_EXERCISE DESCRIPTION_. Only the pictures should be dropped; every line of the data must come back exactly as written.

_DATA EXCERPT_.
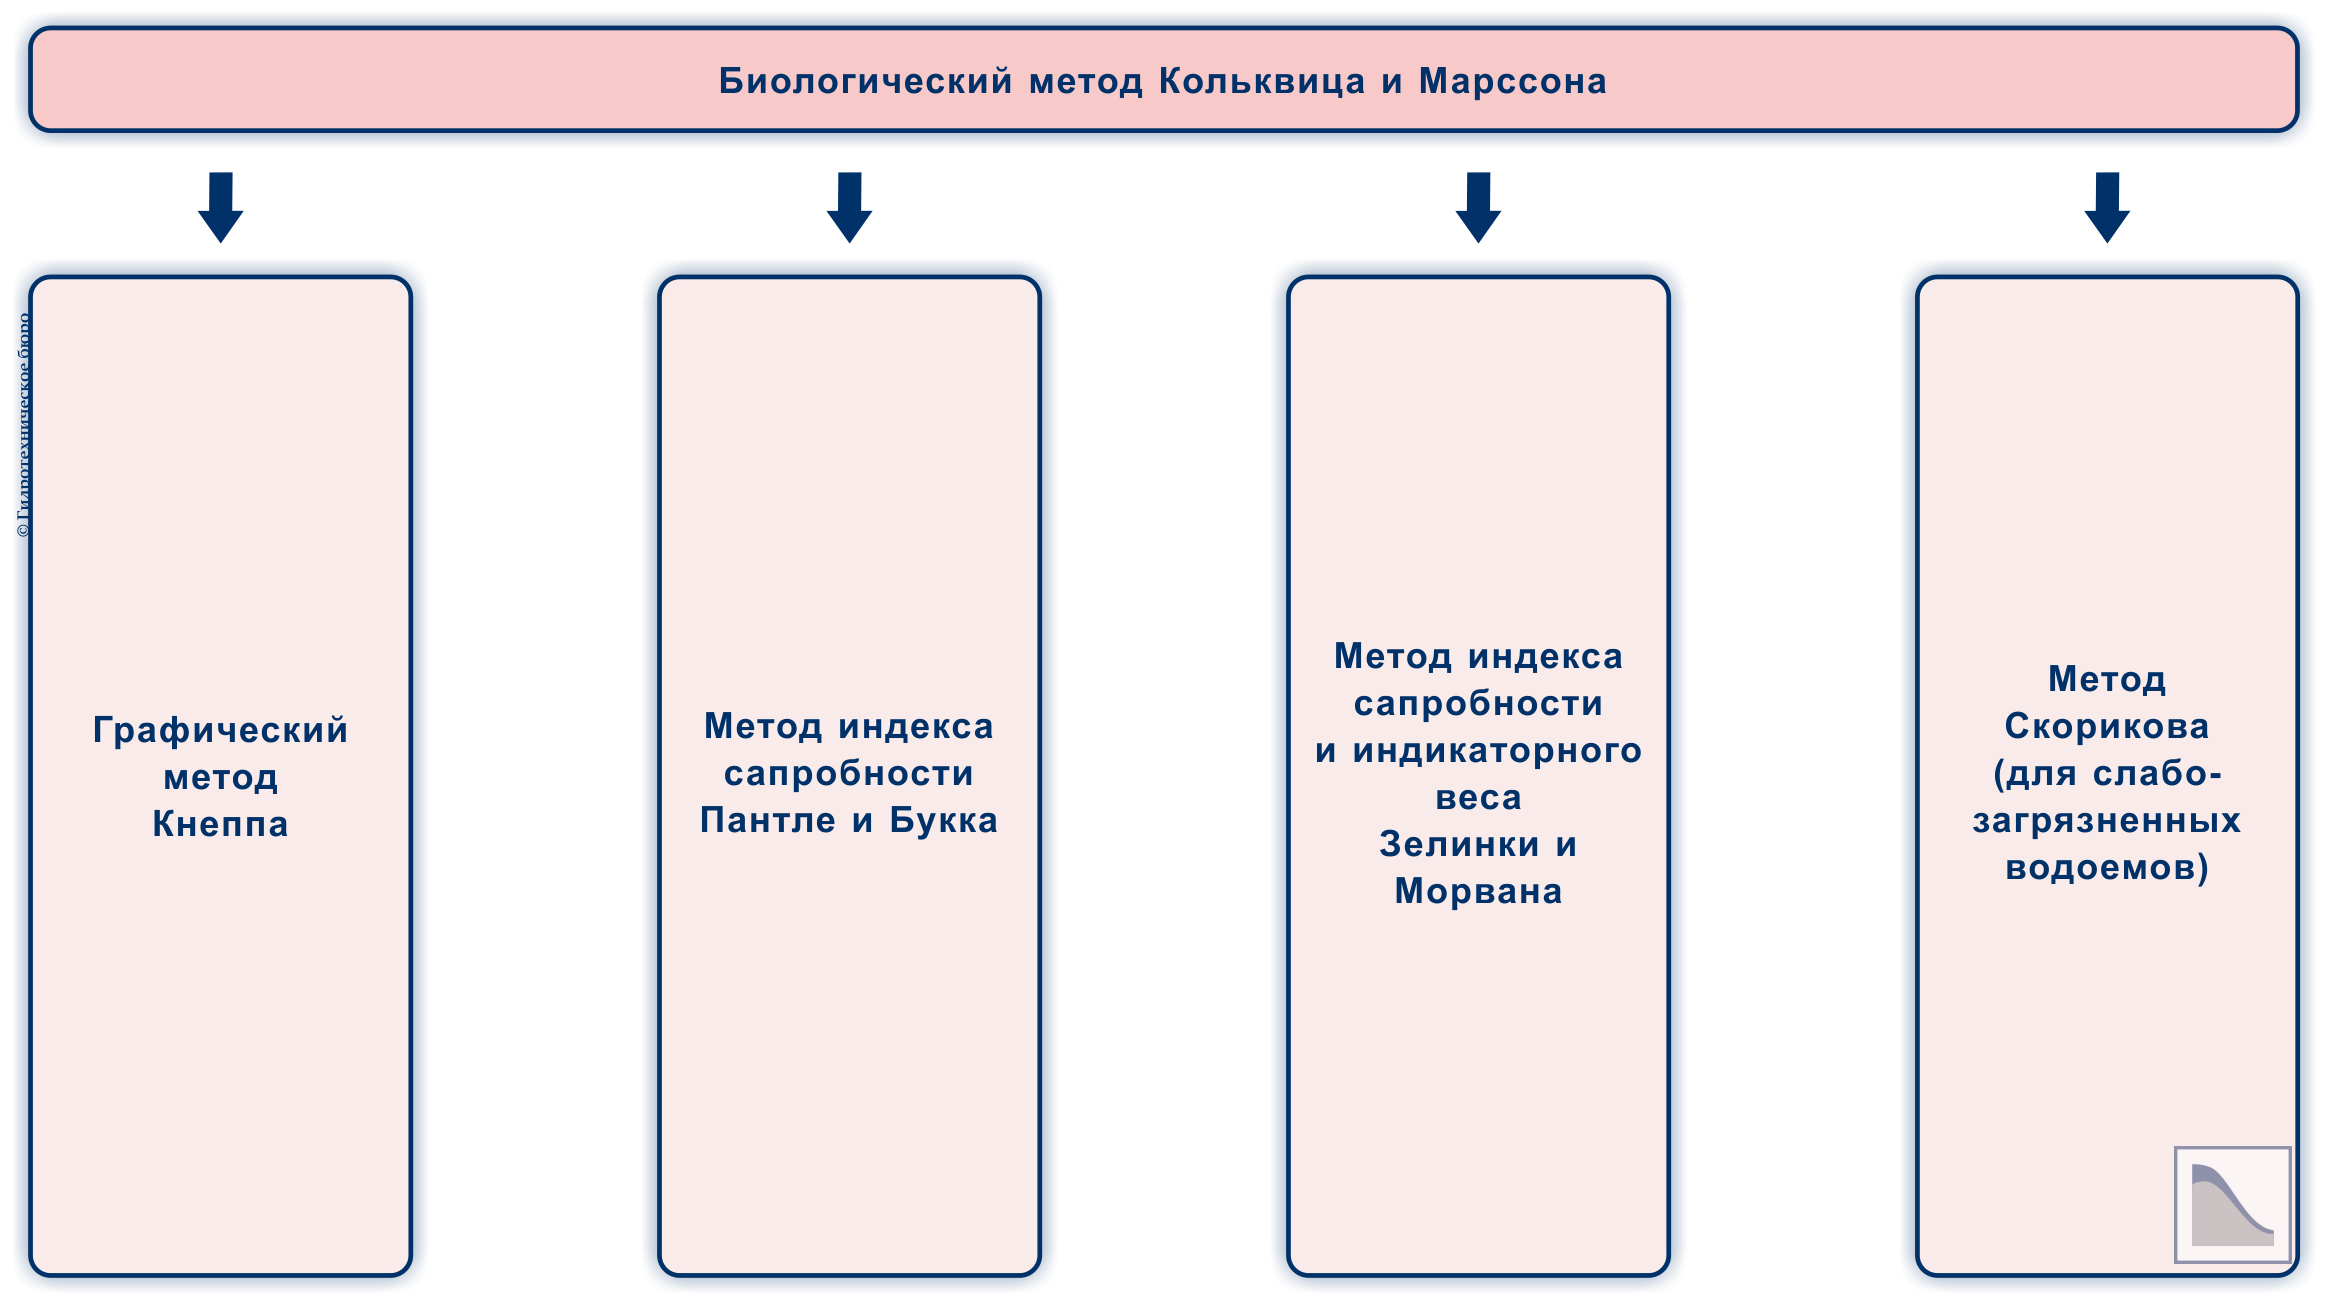 Метод Кольквица-Марссона и его модификации
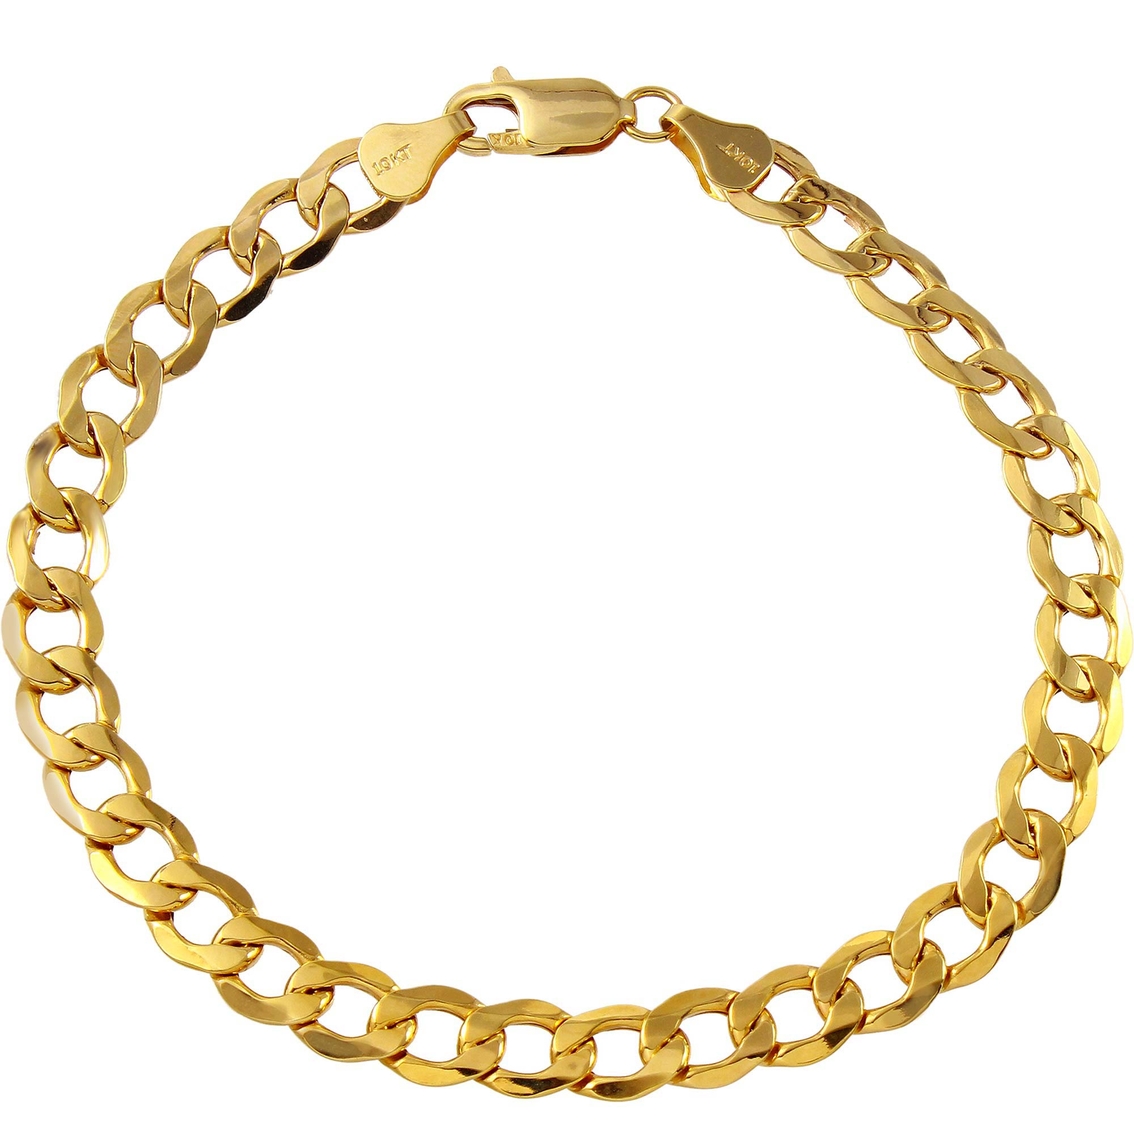 10k Yellow Gold 7mm Curb Link Bracelet | Men's Bracelets | Jewelry ...
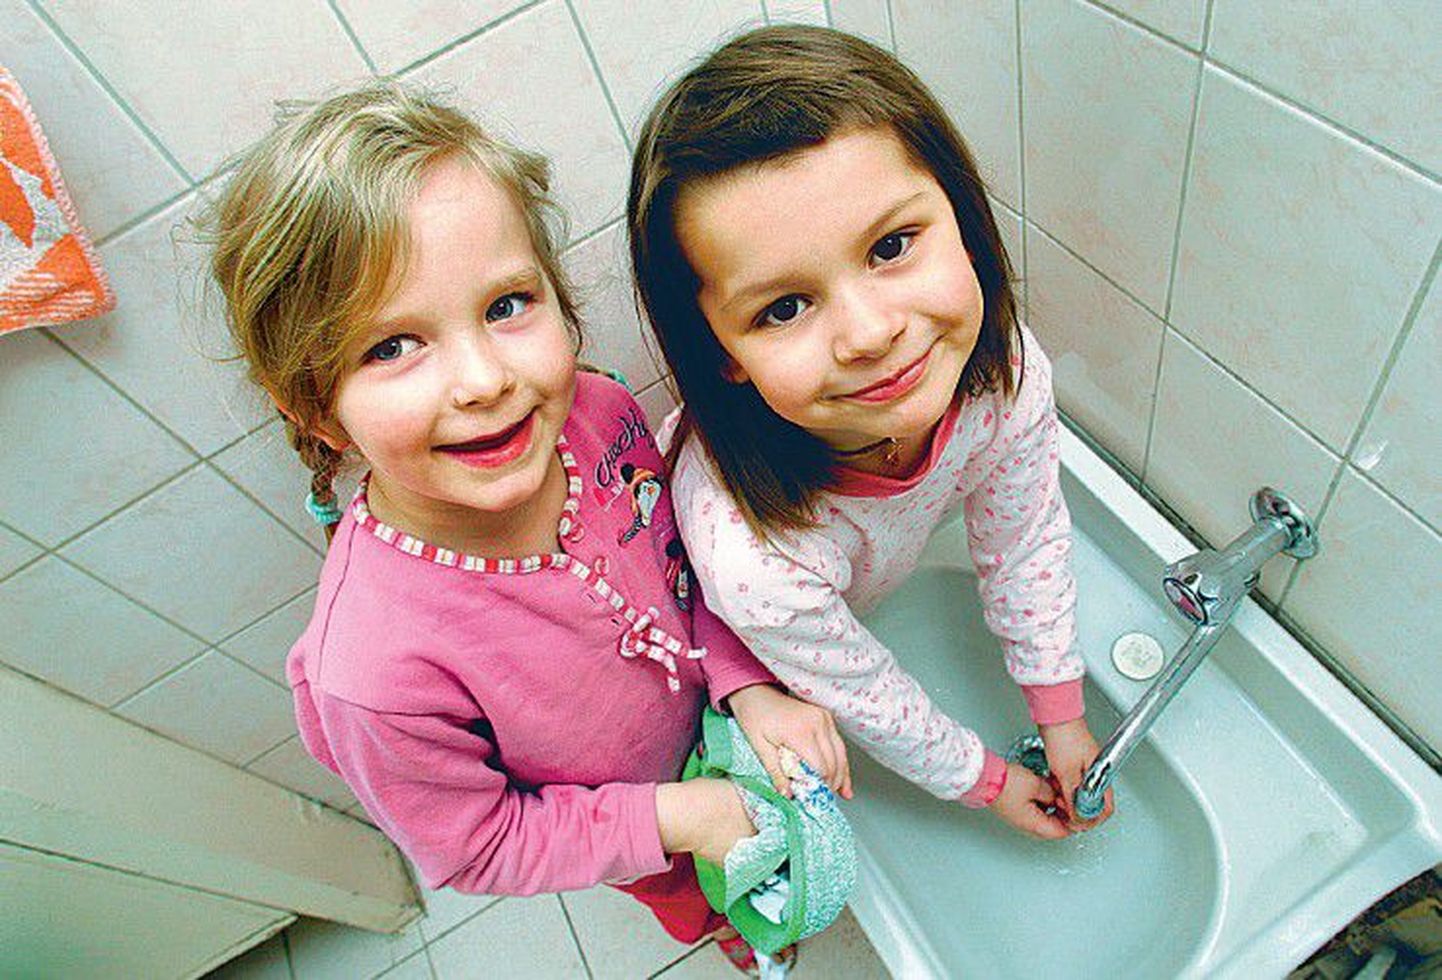 Antibiootikum viiruse vastu ei aita, hoolikast  kätepesust võib viirusnakkuste vältimisel aga palju kasu olla. Pildil pesevad käsi Tallinna Mesimummu lasteaia lapsed Aurelia ja Aglaia.
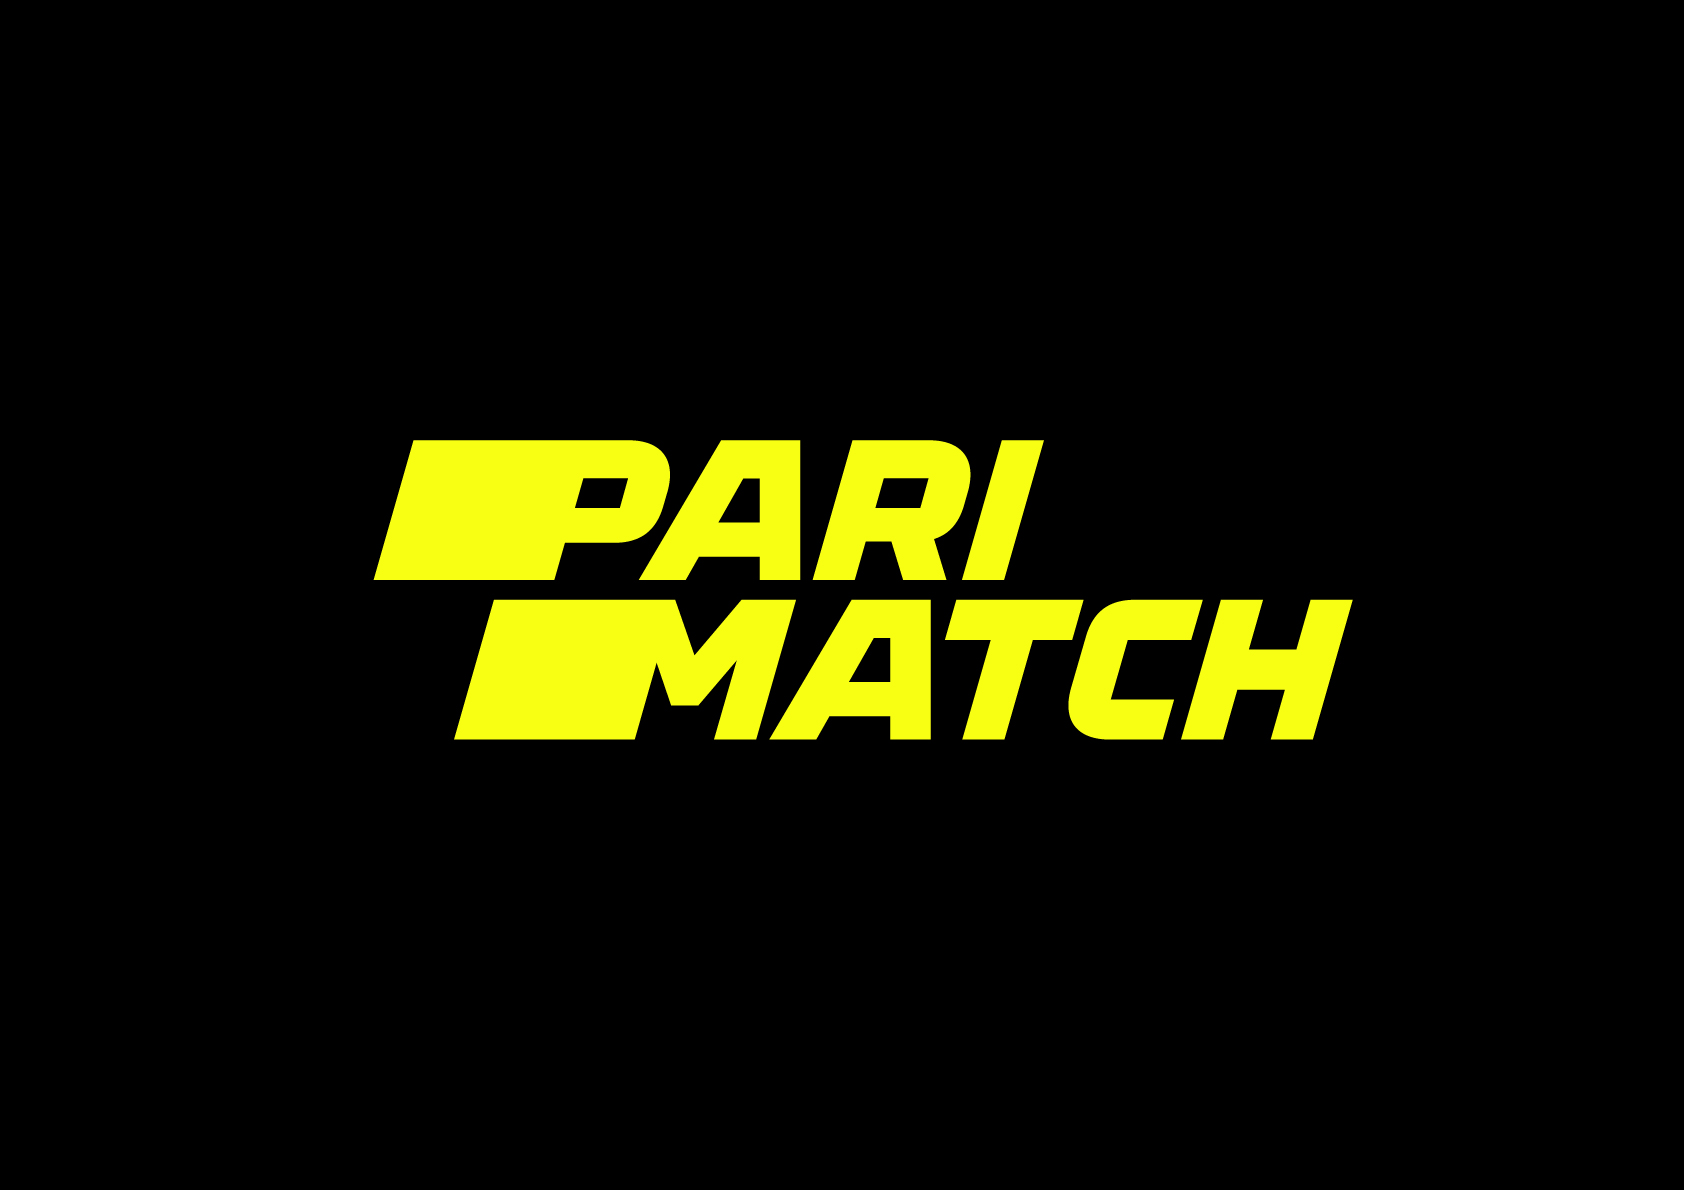 Parimatch станет официальным партнёром EPICENTER CS:GO 2019

_OUTPUT OF THE EXERCISE_.
 Метод Кольквица-Марссона и его модификации
 10k Yellow Gold 7mm Curb Link Bracelet | Men's Bracelets | Jewelry ...
 Antibiootikum viiruse vastu ei aita, hoolikast  kätepesust võib viirusnakkuste vältimisel aga palju kasu olla. Pildil pesevad käsi Tallinna Mesimummu lasteaia lapsed Aurelia ja Aglaia.
 Parimatch станет официальным партнёром EPICENTER CS:GO 2019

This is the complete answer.